2d classification becomes very very slow in the last iteration

dingwei · March 18, 2021, 4:52am

particles: 2,300,000
Number of 2D classes: 100
GPU: 8 X 2080ti
use ssd: yes

From cycle 1 to cycle 19, each cycle use about 4~5 minute, but for the last cycle, 3 hours past but the job is still running.
Does anyone know why? And how to speed up the job?
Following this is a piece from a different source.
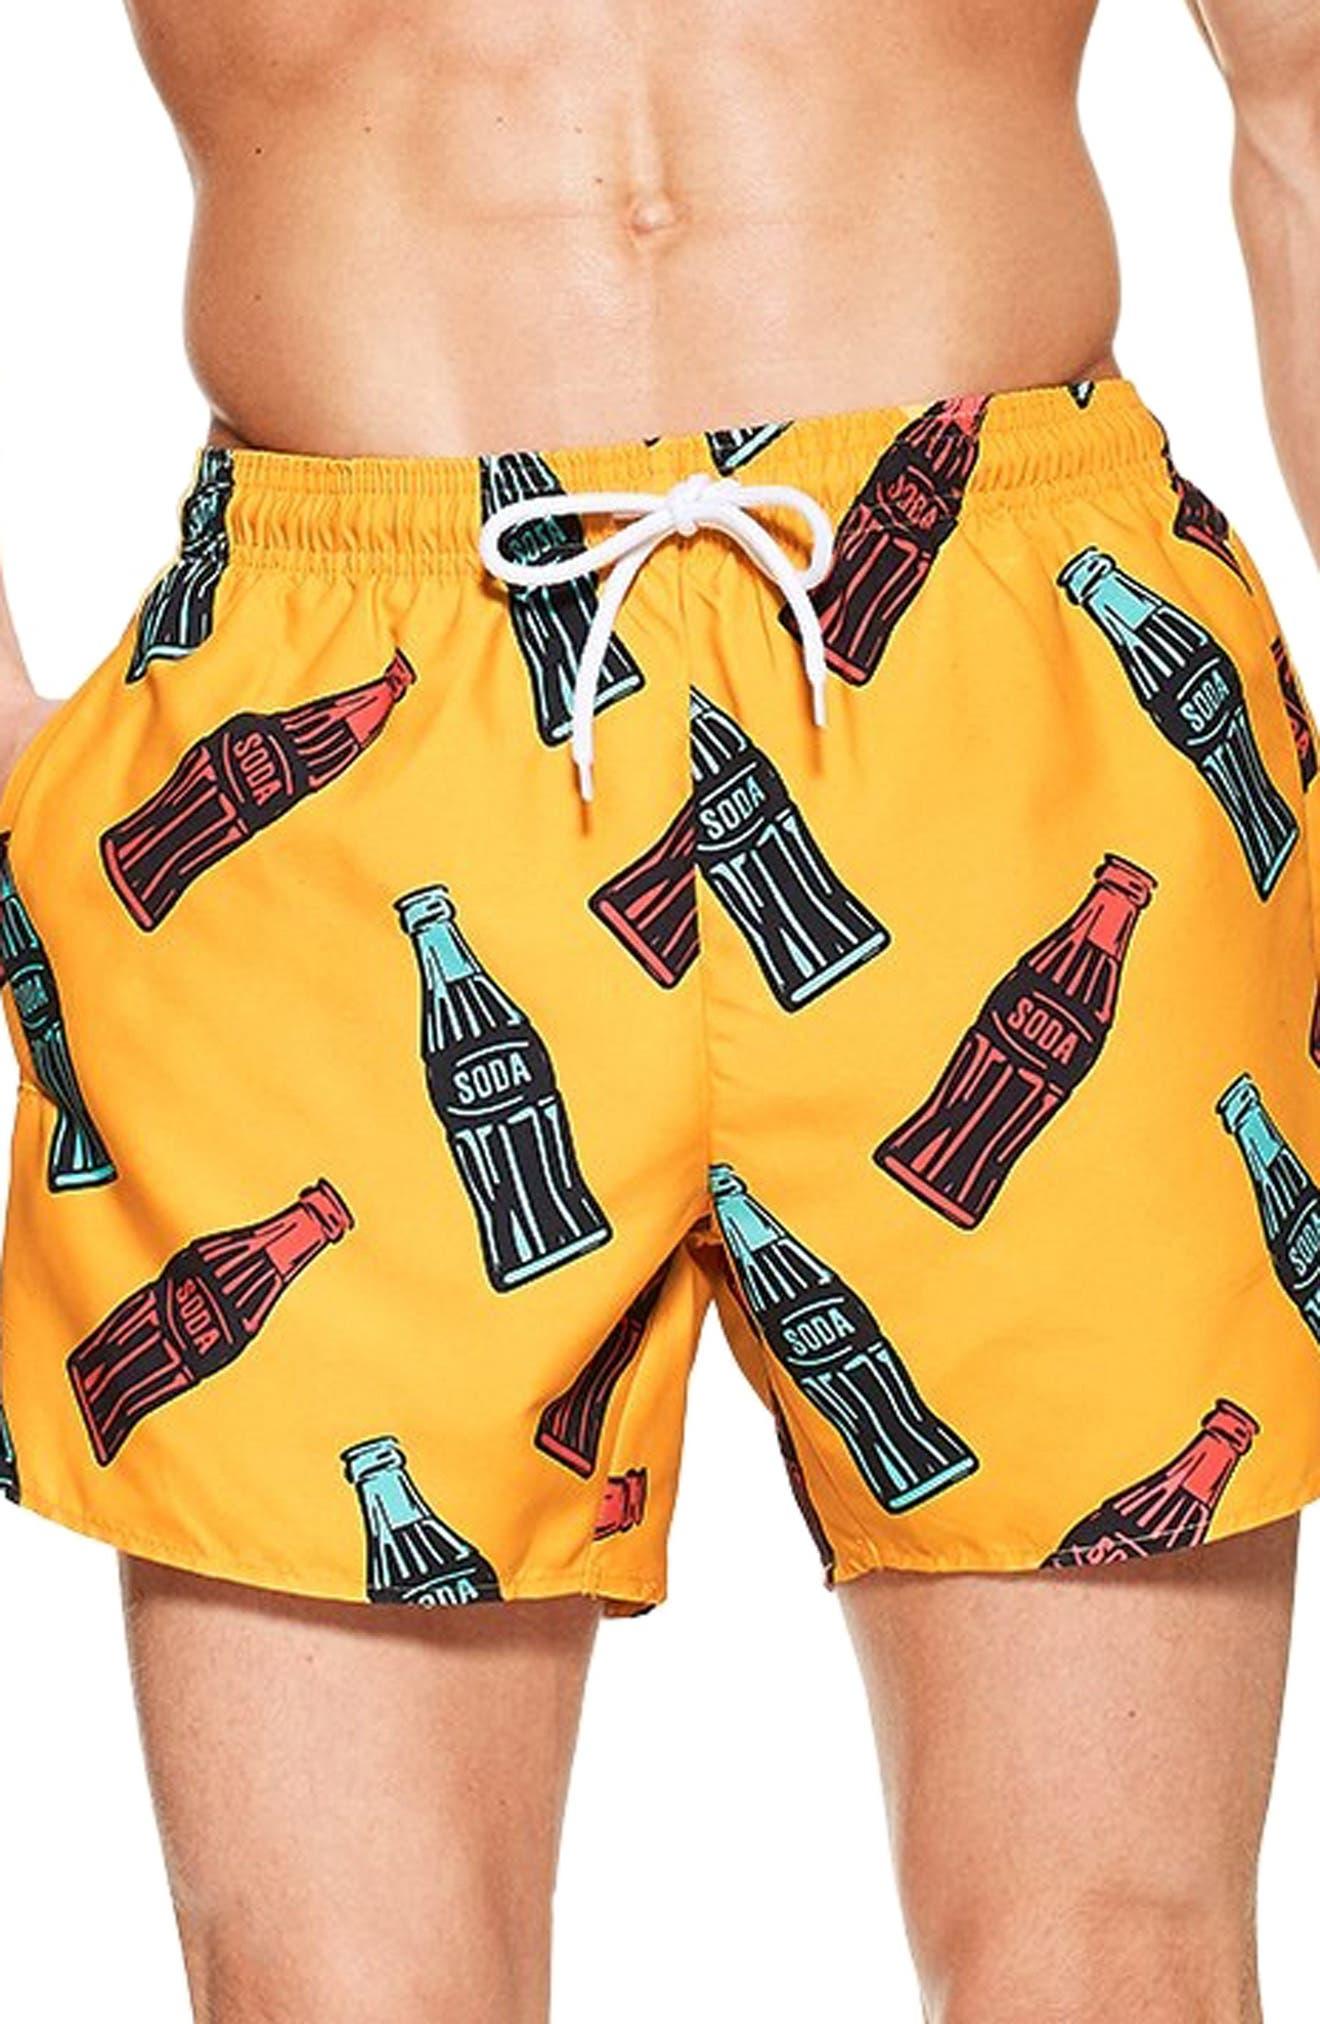 Topman Soda Bottle Swim Shorts, Orange

mmclean · March 18, 2021, 1:10pm

Hi @dingwei,

The final iteration of 2D classification by default will process the full set of particles input to the job (2.3M here) whereas each other iteration will process a much smaller subset, equal to the number of 2D classes multiplied by the “batchsize per class” parameter. By default the batchsize per class is 100, so each iteration was only processing 10,000 particles out of the full 2.3M – which explains why the last iteration was a few orders of magnitude slower. You can turn off the final full dataset iteration by setting the “Number of final full iterations” parameter to 0, however, here it will result in most of your dataset not being seen during the 2D classification, which is probably not desirable. If you have multiple GPUs available, another workaround to speed it up would be to use the Particle Sets Tool job to manually split your particle stack into batches, and run separate 2D classifications on each batch. Then you can use Select 2D and combine the good classes from both jobs, and re-run a 2D classification on the “good” particle stack.

Best,
Michael

dingwei · March 18, 2021, 1:14pm

Thank you very much for your detail explanation. I will try to split my particles and rerun the job!
Best!
Wei

olibclarke · March 18, 2021, 1:28pm

Hi @mmclean - one query about this - in the initial iterations, is each subset randomly chosen and unique? So if I have 20 initial iterations each seeing 10000 particles, has the classification “seen” 200k particles? Or are the randomly chosen subsets overlapping with one another?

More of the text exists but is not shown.